Frontend Development

CSS Build System

Workflow:

  1. Edit styles in public/css/src/input.css (Tailwind source with @apply directives)
  2. Run npm run build:css to compile (or npm run watch:css for auto-rebuild)
  3. Compiled CSS output: public/css/style.css (minified, committed to git)

Component Styles:

  • Use @apply to abstract common Tailwind patterns into reusable classes
  • Example: .btn-action-ghost, .status-pill-success, .input-search
  • Skeleton loading: .skeleton, .skeleton-stat-card, .skeleton-chart

When to rebuild:

  • After modifying public/css/src/input.css
  • After pulling changes that updated CSS source
  • Automatically on npm install (via prepare hook)

Error Handling Pattern

Use window.ErrorHandler.withLoading() for async operations:

async myOperation() {
  return await window.ErrorHandler.withLoading(async () => {
    // Your async code here
    const result = await someApiCall();
    if (!result.ok) {
      throw new Error('Operation failed');
    }
    return result;
  }, this, 'loading', { errorMessage: 'Failed to complete operation' });
}
  • Automatically manages this.loading state
  • Shows error toast on failure
  • Always resets loading state in finally block

Frontend Configuration

Constants: All frontend magic numbers and configuration values are centralized in public/js/config/constants.js.
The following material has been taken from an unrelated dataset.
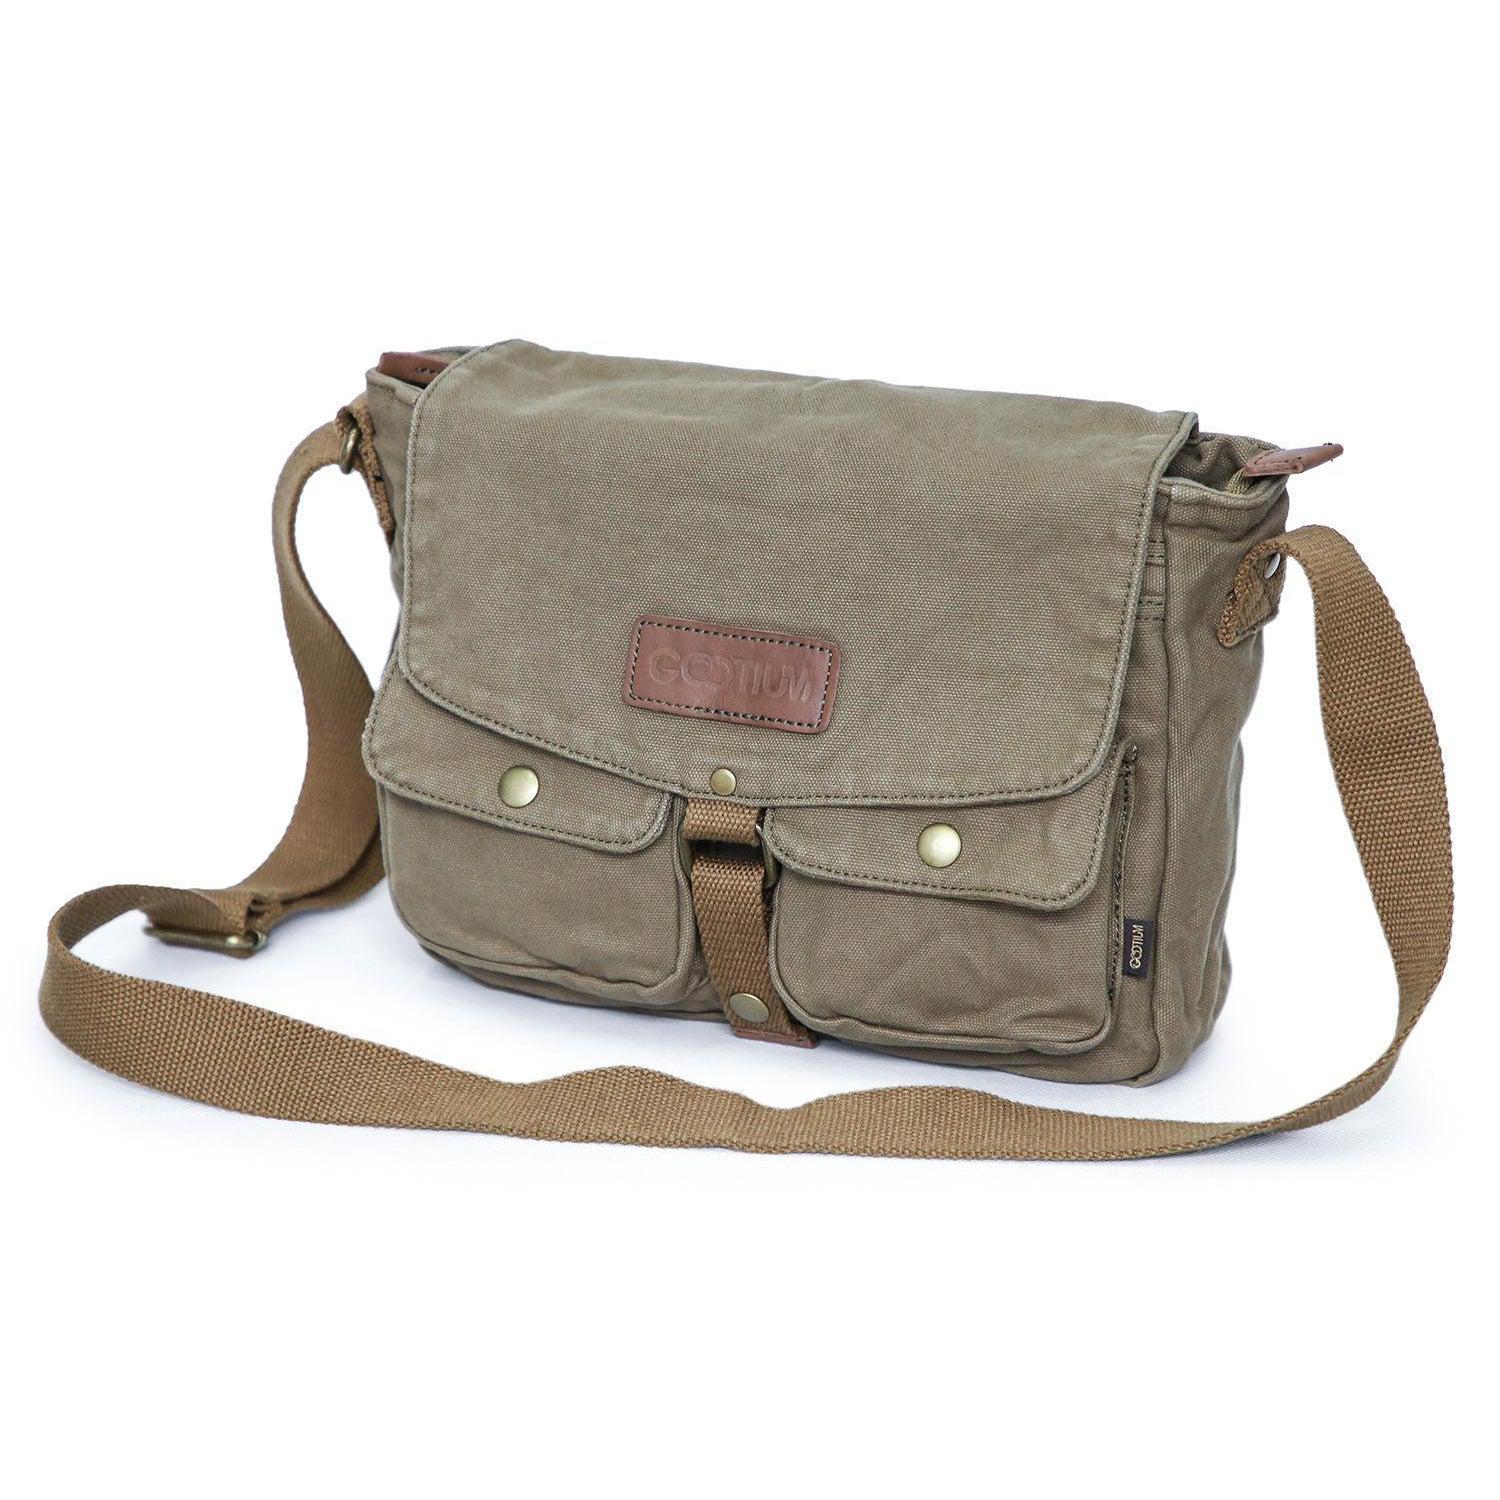 WildHorn� Leather 11.5 inch Messenger Bag for Men I Multipurpose Bag I  Office Bag I Travel Bag with Adjustable Strap DIMENTION : L-11.5 inch W-3  inch H-13.5 inch (Medium, BLUE DIST) :

Use window.AppConstants to access:

  • INTERVALS: Refresh rates and timeouts
  • LIMITS: Data quotas and display limits
  • UI: Animation durations and delay settings

Account Operations Service Layer

Use window.AccountActions for account operations instead of direct API calls:

// ✅ Good: Use service layer
const result = await window.AccountActions.refreshAccount(email);
if (result.success) {
  this.$store.global.showToast('Account refreshed', 'success');
} else {
  this.$store.global.showToast(result.error, 'error');
}

// ❌ Bad: Direct API call in component
const response = await fetch(`/api/accounts/${email}/refresh`);

Available methods:

  • refreshAccount(email) - Refresh token and quota
  • toggleAccount(email, enabled) - Enable/disable account (with optimistic update)
  • deleteAccount(email) - Delete account
  • getFixAccountUrl(email) - Get OAuth re-auth URL
  • reloadAccounts() - Reload from disk
  • canDelete(account) - Check if account is deletable

All methods return {success: boolean, data?: object, error?: string}

Dashboard Modules

Dashboard is split into three modules for maintainability:

  1. stats.js - Account statistics calculation

    • updateStats(component) - Computes active/limited/total counts
    • Updates subscription tier distribution
  2. charts.js - Chart.js visualizations

    • initQuotaChart(component) - Initialize quota distribution pie chart
    • initTrendChart(component) - Initialize usage trend line chart
    • updateQuotaChart(component) - Update quota chart data
    • updateTrendChart(component) - Update trend chart (with concurrency lock)
  3. filters.js - Filter state management

    • getInitialState() - Default filter values
    • loadPreferences(component) - Load from localStorage
    • savePreferences(component) - Save to localStorage
    • autoSelectTopN(component) - Smart select top 5 active models
    • Filter types: time range (1h/6h/24h/7d/all), display mode, family/model selection

Each module is well-documented with JSDoc comments.

Maintenance

When making significant changes to the codebase (new modules, refactoring, architectural changes), update this CLAUDE.md and the README.md file to keep documentation in sync.